Last night, hubby was bitching about how much work it is to take care of our son, and how we should cancel Christmas, since he hasn't done any shopping. He suggested I take care of the boy while he made a last ditch assault on the mall. I countered that he should call our sitter to come over while he shops.

Time passes, he makes no call, and I suggest again. Excuses and procrastination, so I call the sitter and arrange a time. I purposefully completed my Christmas shopping and gift wrapping in advance of surgery, so I opted to take advantage of help and I laid down to rest while baby boy napped, sitter watched tv and daddy shopped.

Hubby came home, baby boy woke up, and I made my way upstairs. Then hubby informs me since I "wouldn't take care of the boy, I needed to pay the sitter." 1) I CAN'T take care of our son fully right now. I had SURGERY and have restrictions 2) I had to PAY someone to take care of our son, so he could go shopping and complain about how much trouble Christmas is for him?

Balls the size of coconuts. A man possessing normal sized balls would not have the chutzpah to charge me for recuperation time.

Bah fucking humbug.
- Posted using BlogPress from my iPad

Sunday, December 2, 2012

"Me Time"

After waking up early with BabyBoy, making him breakfast, and playing for a couple hours, Hubby crawled out of bed.  We took the boy to the zoo for a run in the crappy weather (That sounds like we're taking the dog to the off-leash park, which is kind of exactly how it is).  After the zoo visit, we got some lunch, and I put him down for his nap.

I emptied the dishwasher, setting out bottles, sippy cups, and child plates to air dry, loaded the dirty dishes in, and asked for some "me time" to go to a craft fair at Seattle Center.  A particular vendor was there, and I wanted to take advantage of the show discount to stock up on soap for the shower.  Hubby agreed, and went downstairs to take a nap while BabyBoy slept.

After the craft show, I was walking back to my car in the rain.  I saw an older lady, skipping hand in hand with a young girl who was wearing and elaborate feathered mardi gras mask and a tutu.  They were skipping right through the cross walk, in the pouring down rain.  I wished that my eyes were a camera so I could save that image to share here.  Unfortunately, I can't translate an image from my head to the computer, so this will have to capture the mood.

My first thought was "sometimes I wish I had a little girl", my next thought was "I hope I can still skip when I have a grandchild."  Lastly, I thought "I want to skip with my son in the rain." 

Frivolous part of "me time" was done, so I made the practical trip to the grocery store.  Milk, Toilet paper, food for dinner, and a few other staples for the house were all on the list.  When I got to the checkout stand, I handed the checker my bags.  I had an Oscar the Grouch bag, and a Thomas and Friends bag that happened to be in my car, so that's what I brought in with me.

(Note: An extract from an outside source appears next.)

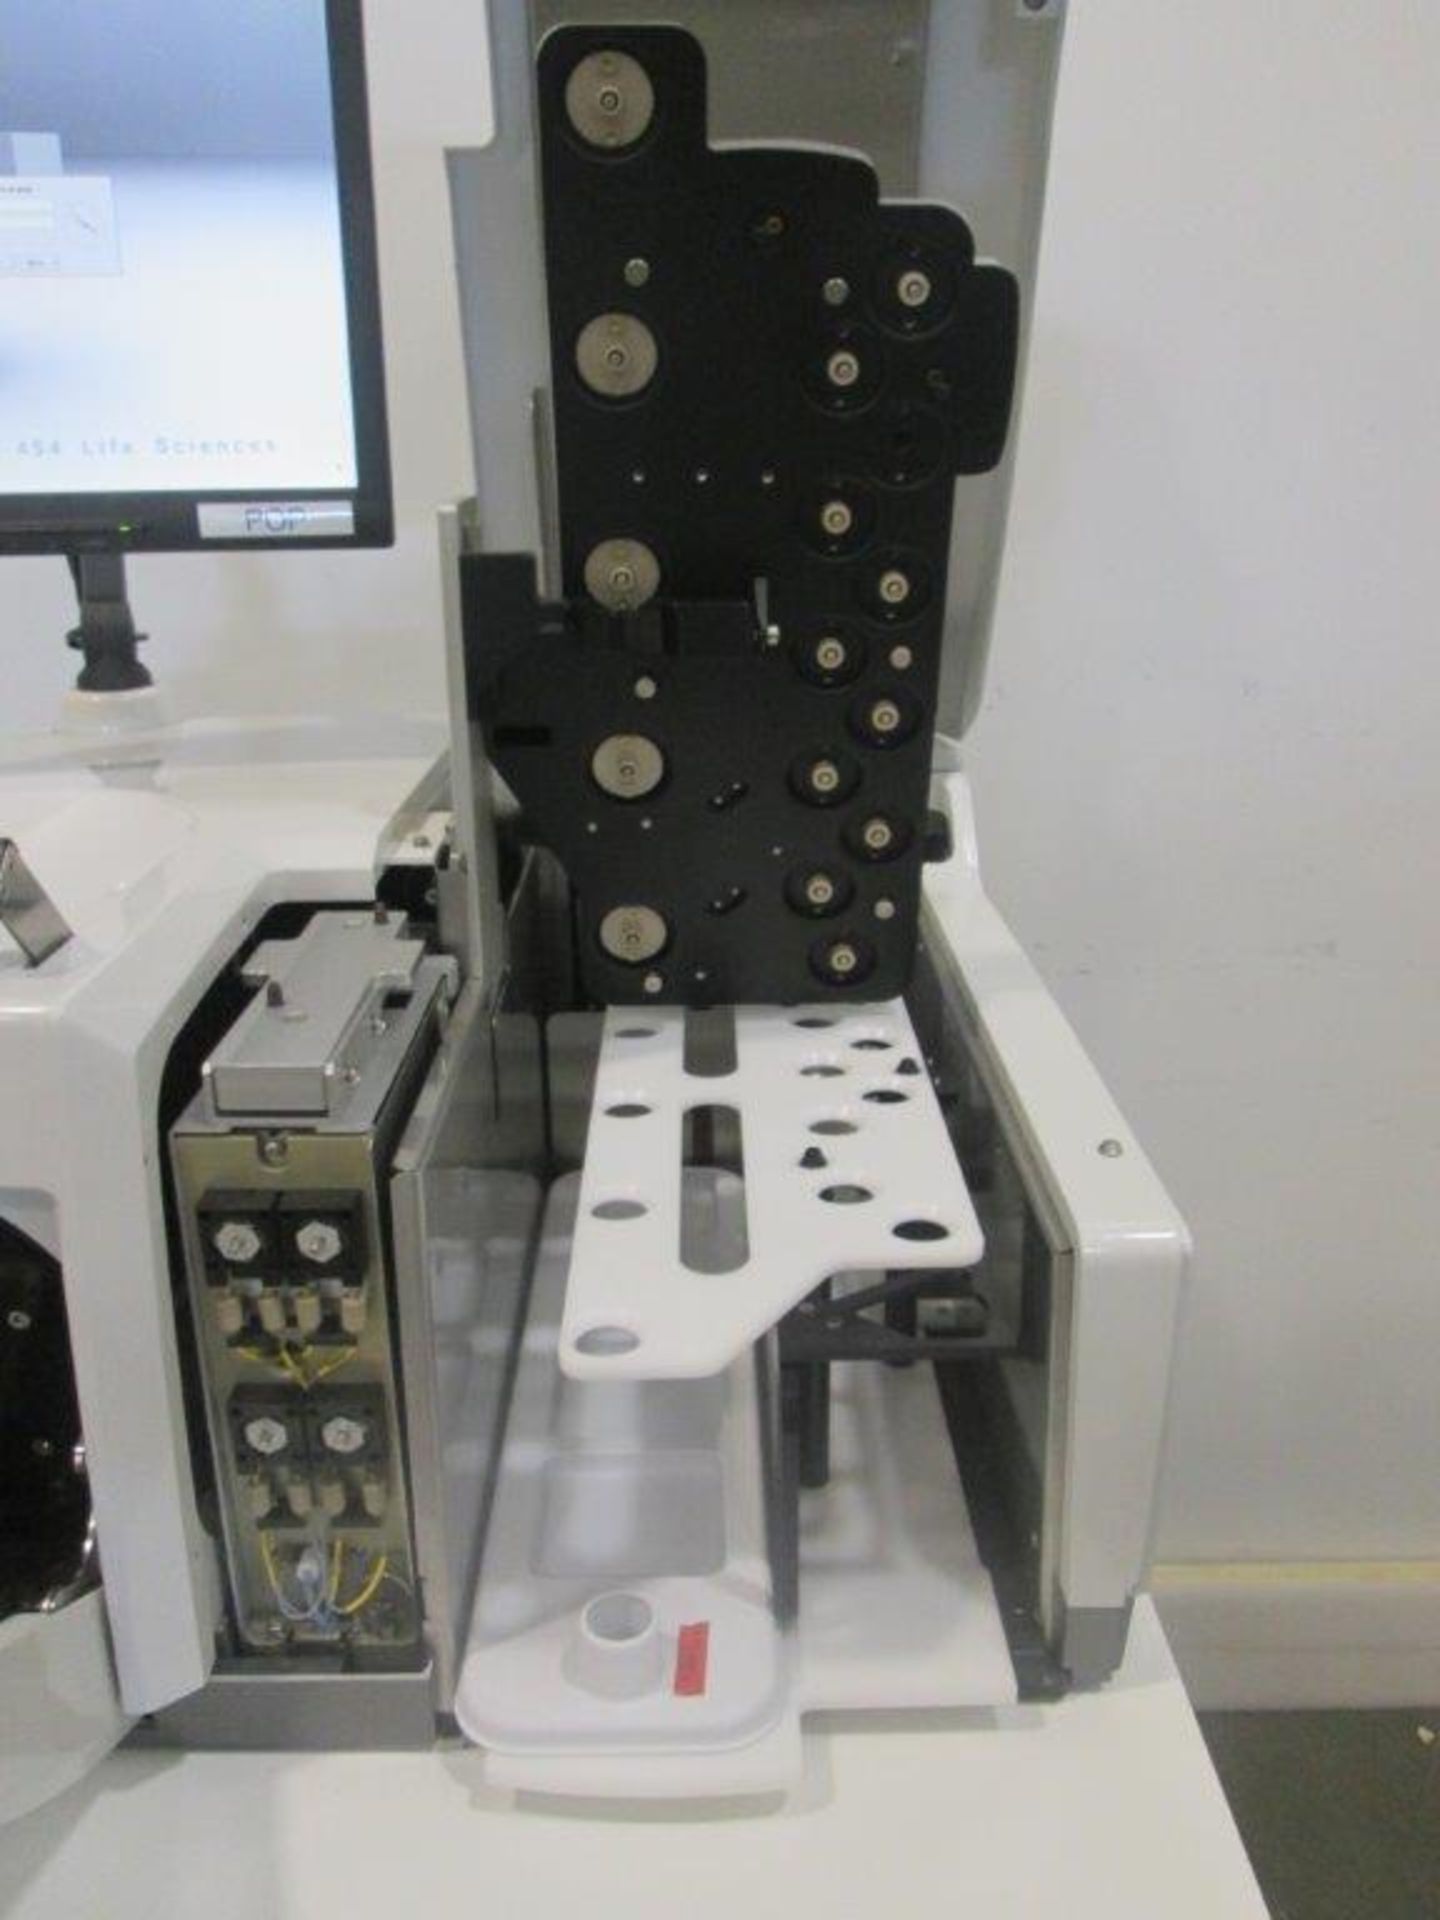 Roche 454 FLX+ Genome Sequencer - Image 3 of 10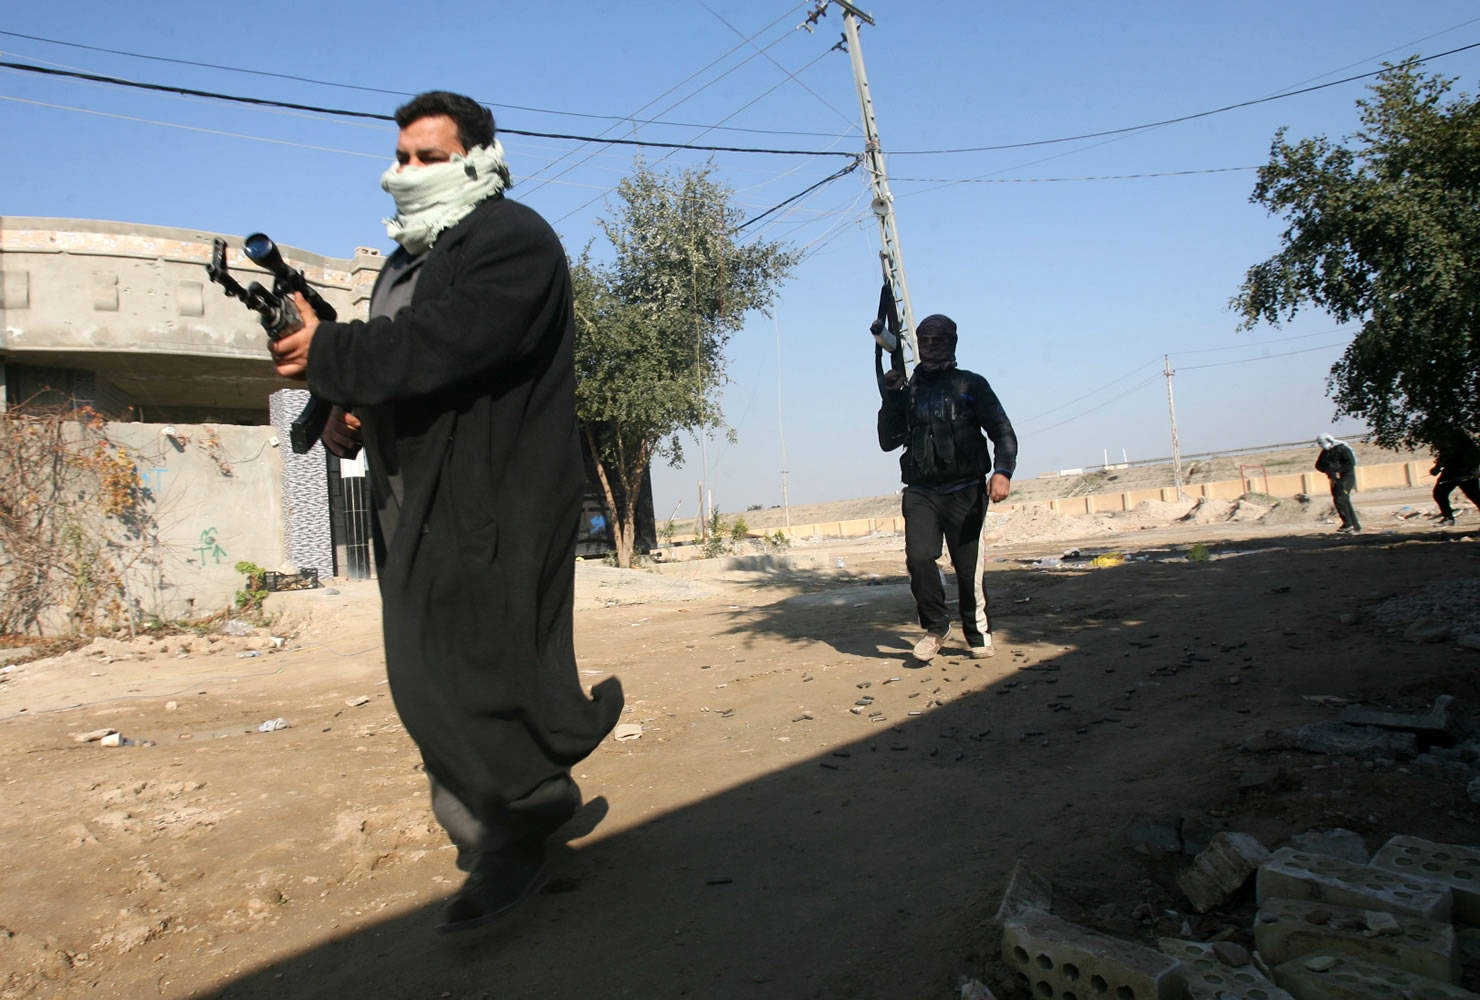 Gunmen patrol during clashes with Iraqi security forces Thursday in Fallujah, 40 miles west of Baghdad, Iraq.

Apparently, I was also wearing my "please poke fun at me" face.  The checker inclined his head toward my bags of groceries and said "You don't get out much, do you?".  He was right, I don't.  I laughed a little ruefully and said "What was your first clue?"  He said "We don't get a lot of Thomas bags on Lower Queen Anne."

When I got home, the dishwasher had finished it's cycle, and the sink was full of dirty dishes.  There was a bag of garbage blocking the door to get into the house, so I took it out to the garbage cans before I could get in, put away the groceries, unload the dishwasher and put the dirty dishes into the machine for the next load.  Hubby and BabyBoy were in the living room, sitting in the middle of a pile of toys, and watching "How to Train Your Dragon" for the third time in 24 hours.  All nice thoughts from 90 minutes to myself were completely washed out of my head by internal grumbling about delayed chores.

I want to skip in the rain, holding hands with my son.  I'm going to hold onto that for tonight.